Early Childhood practitioners and other technical staff are learning this week why data collection is important to developing the sector.
Early Childhood practitioners and other technical staff are learning this week why data collection is important to developing the sector.

BRADES – Representatives of several Early Childhood Centres gathered with colleagues from statistics and health to discuss the importance of data collection to their work on Wednesday, May 20, 2015.
The workshop is being coordinated through the Ministry of Education and facilitated by a team from UNICEF.

Shelly-Ann Harper, Education Specialist with UNICEF said the workshop is part of the larger Safeguarding for Children in the Overseas Territories (OTs) project funded by the UK Department for International Development (DfID).
“We have always been challenged in this sector with up to date data,” Harper explained during the opening. “The focus is to move to more evidenced informed decision-making. We must ask “what does the data say within any context? How do we use the information to support the programmes and interventions on a national level and with international partners?”
The specialist noted that early childhood sector for the most part is run by private sector in other Caribbean islands which has made it more difficult to mainstream data. The workshop is being carried out in all of the other OTs as well.

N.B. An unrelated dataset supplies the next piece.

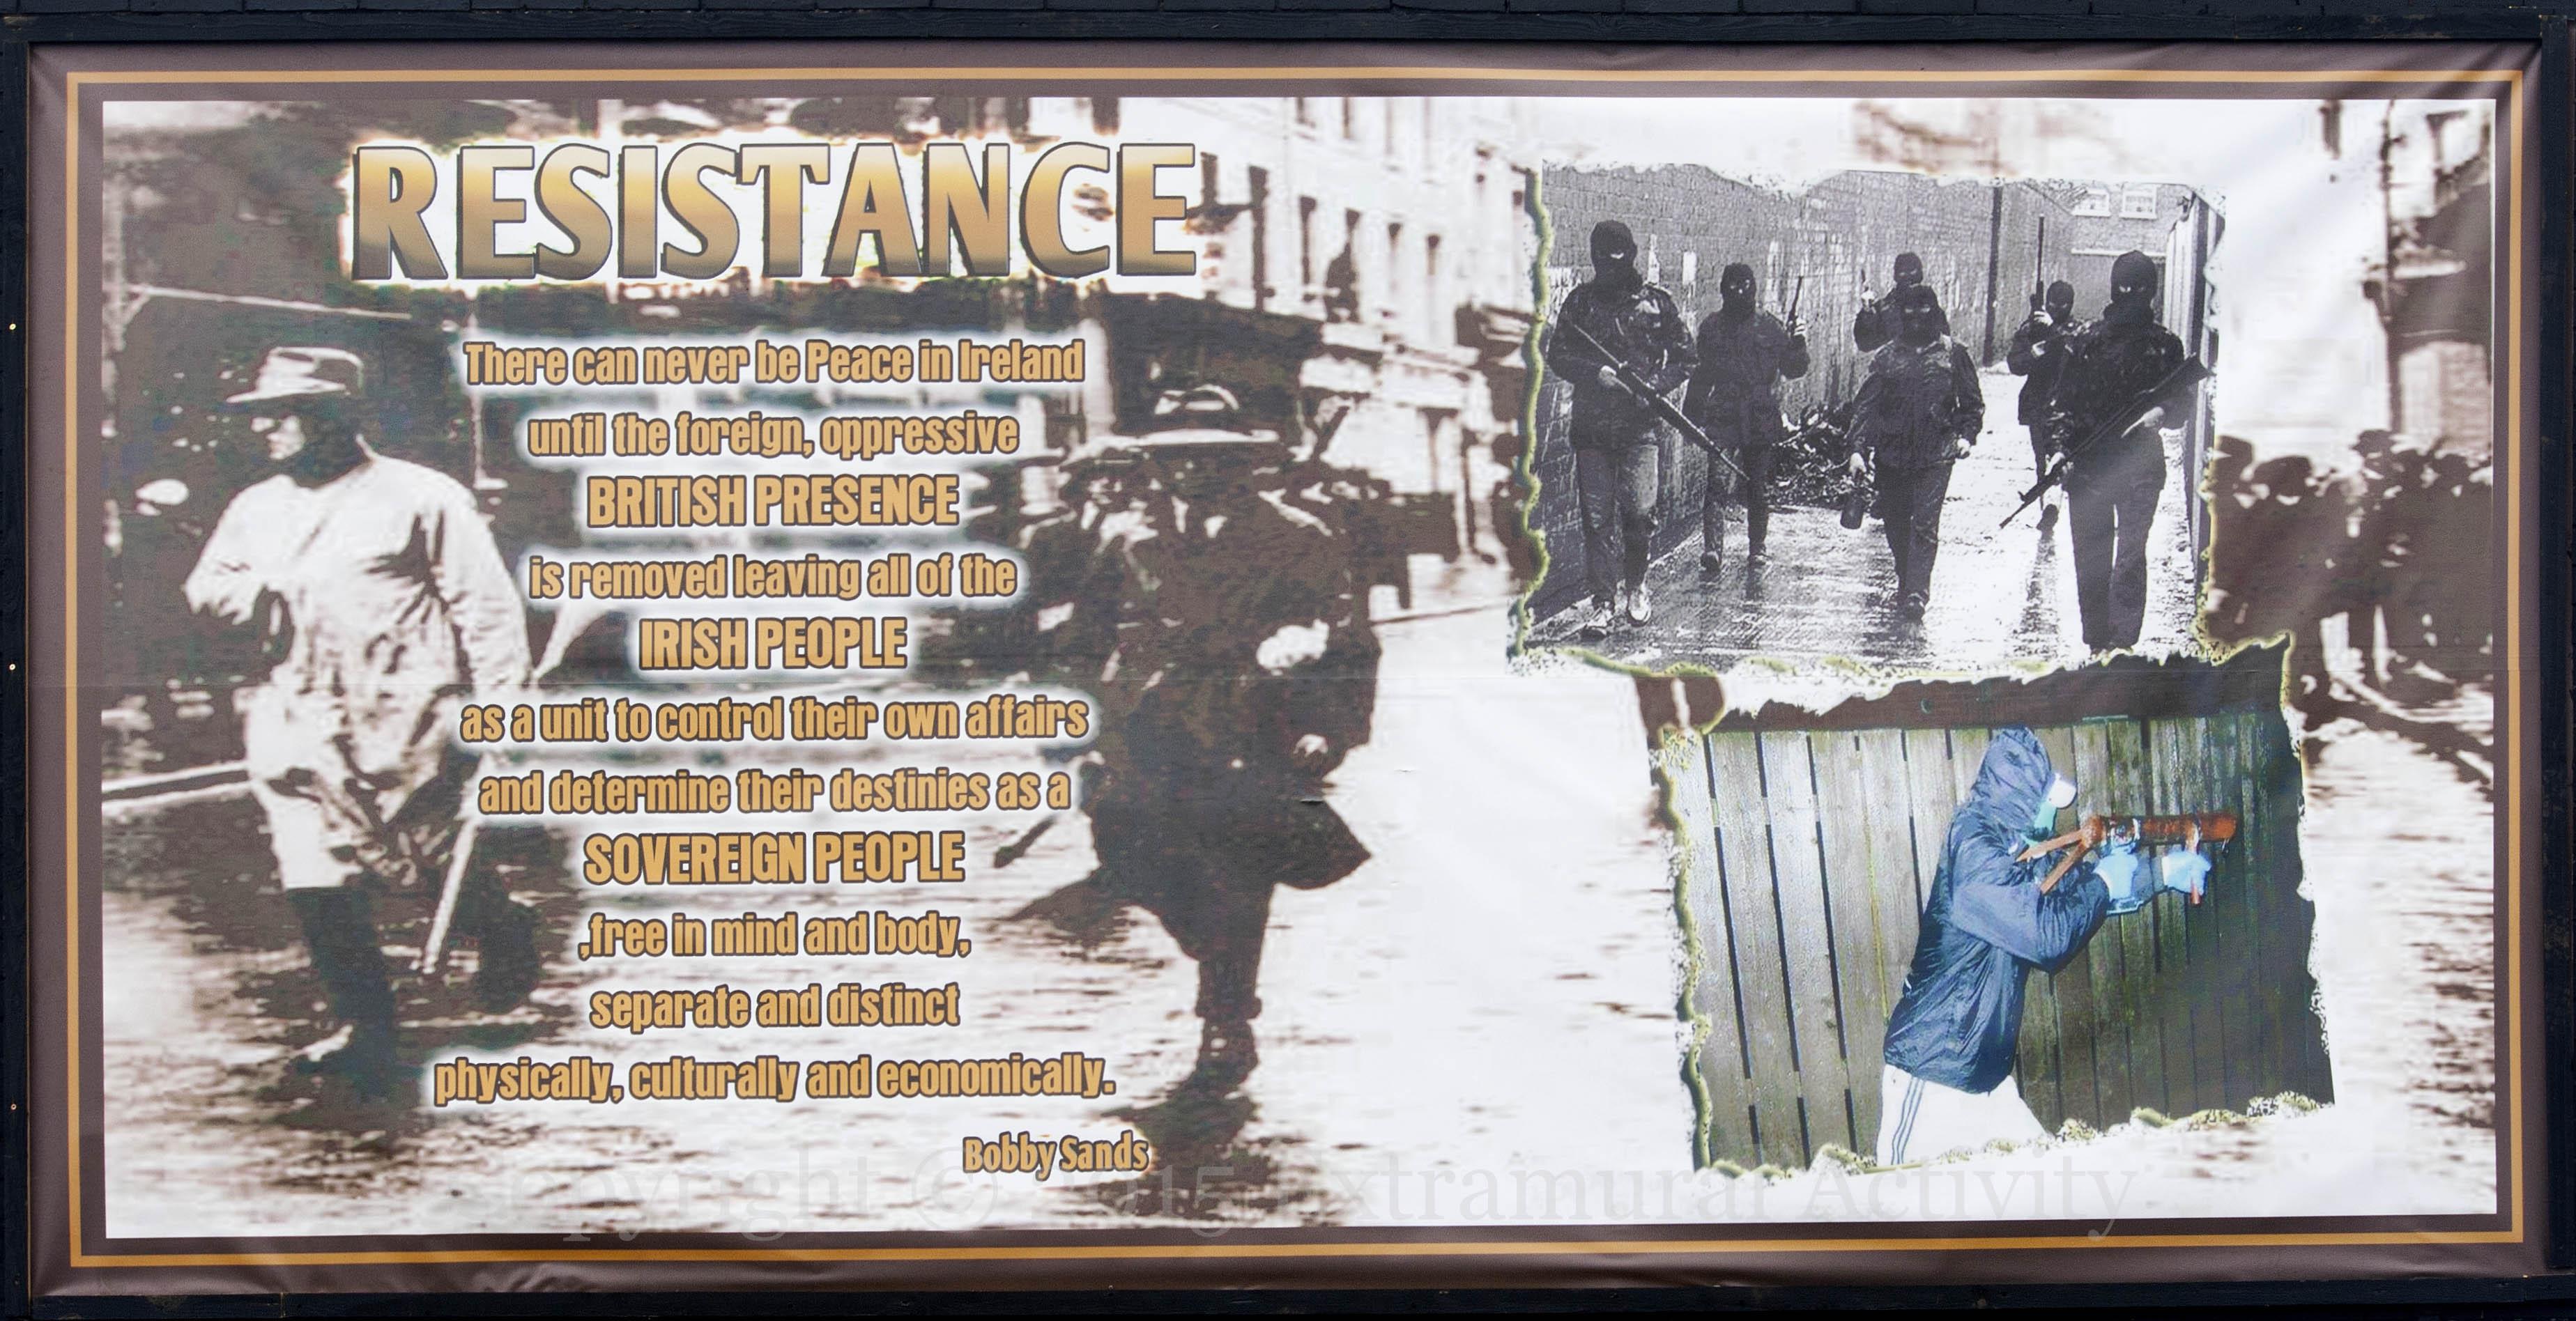 2015-04-14 Resistance+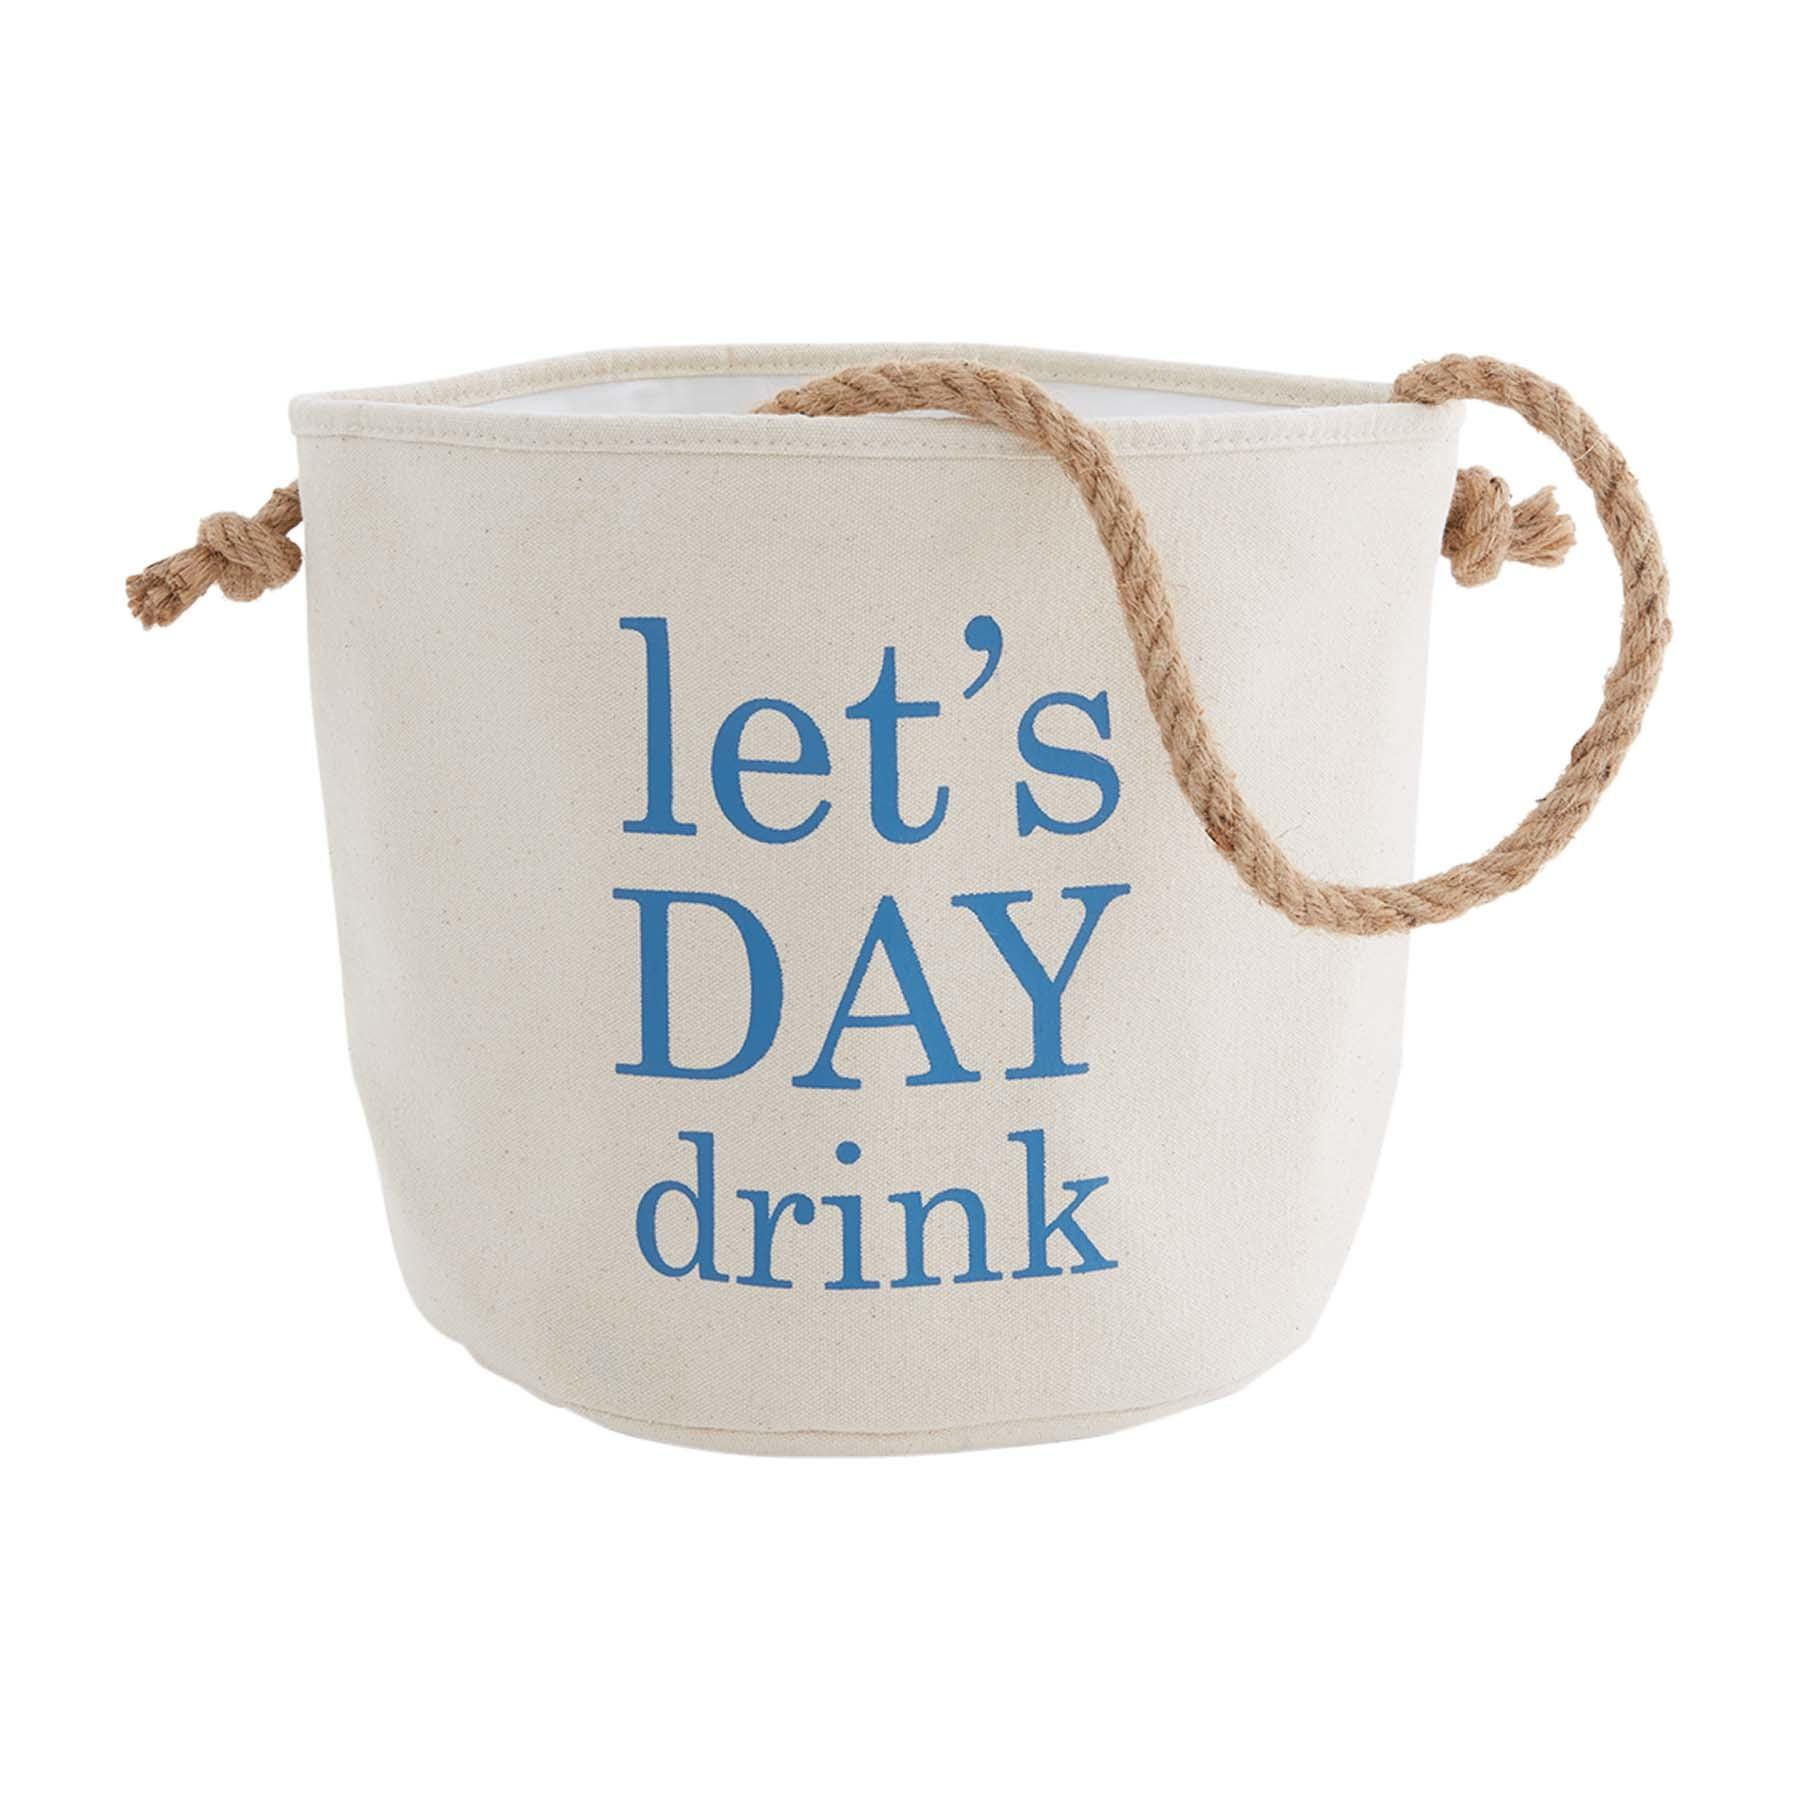 Mud Pie DAY DRINK COOLER BAG

Representatives from the Ministry of Health and Education and statistics are attending the two-day workshop.
“The issue of Early Childhood cuts across sectors,” Harper noted. The objectives of the workshop are in the short term to “identify action points and key indicators to support the introduction of an Early childhood development snap shot and formulate a template to capture information of girls and boys 0-5 years across education and other sectors.”
Special focus is being given to children 0-5 years old who usually fall outside of mainstream, although the early childhood age range is up to eight.
A long term objective of the workshop is to establish systems of how data can be collected in a sustained way and with minimum errors.

Other members of the training team are Keith Thomas from the Ministry of Education in St Vincent & the Grenadines and Kendall Khodra from the St. Lucia Government Ministry of Education.